No, I asked if they OFFER any paternity leave. They brought up the 12 weeks of unpaid leave after that. Not even asking the question would be irresponsible. Either way, they have offered me a position as of today
If it's a company with over 50 total employees (LLC or PC for most podiatry groups), then you can use FMLA (won't get paid, but they have to have a job for you after 12wks med/fam/etc leave). Most pod groups aren't that big, but some are (supergroups, large multi-office, etc). I would guess the group you talked to is required to do that 12wks FMLA... may try to list it as a "benefit," lol.
I agree with
@Dermato Fight Club that you don't understand how PP works if you want or expect that kind of time off. PP is all about having your weekends, good income, good hours, little/no call, but
maintaining the rep and capacity of the group. That is just plain hard to do with docs taking a lot of time off.

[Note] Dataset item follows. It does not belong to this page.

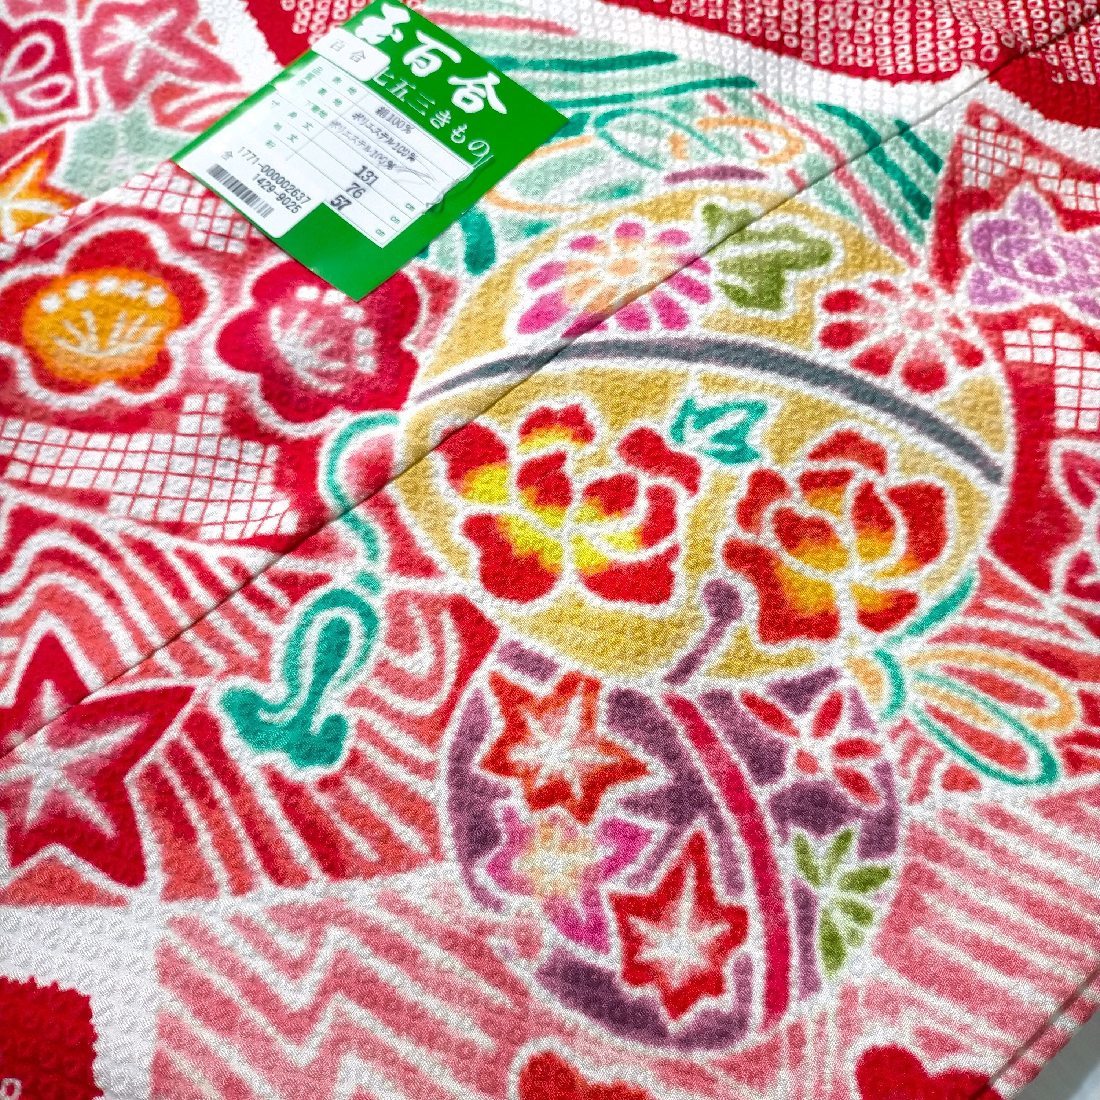  "Семь, пять, три" 753 кимоно k4131 7 лет натуральный шелк 4 .. кимоно ..(.....) диафрагмирования сделано в Японии новый товар включая доставку

Example: a podiatry supergroup near me (largest pod group in the state) just went to to Venture Cap and gave their docs "new contracts" end of 2024, and some of their busy docs already quit... others are now in the process of leaving also. They are STRUGGLING to get those patients taken care of. You have about 30-40+ patients per day from the quit docs that need to get absorbed. Many pts go to other nearby competitors, and the remaining associates in the group that is now PE are overbooked. It's
very hard on the group for any doc to take time off or quit suddenly (most/all docs should be fully booked at any given time, so others "pick up the slack" is not really viable).
...Personally, I plan my days off and appointments and etc 3+
MONTHS in advance (I'm solo PP). It works best that way. If I tried to take next week or even a week next month off, it's booked solid. We'd have to move ppl. You lose patients if you move them, esp on short notice... "if you bump them, they'll bump you."
That's also honestly why I never gave serious thought to hiring associate: I am 100% screwed if they flaked (couldn't see all my patients AND all of theirs... fallout would damage my office rep badly). There are also staff I'd get for associate who then would have little/no work if associate left. Basically, it's an unnecessary risk.... simply bring in partner (% only) or transition/close the office someday.
GL with your contracting... just giving you the other side of the coin.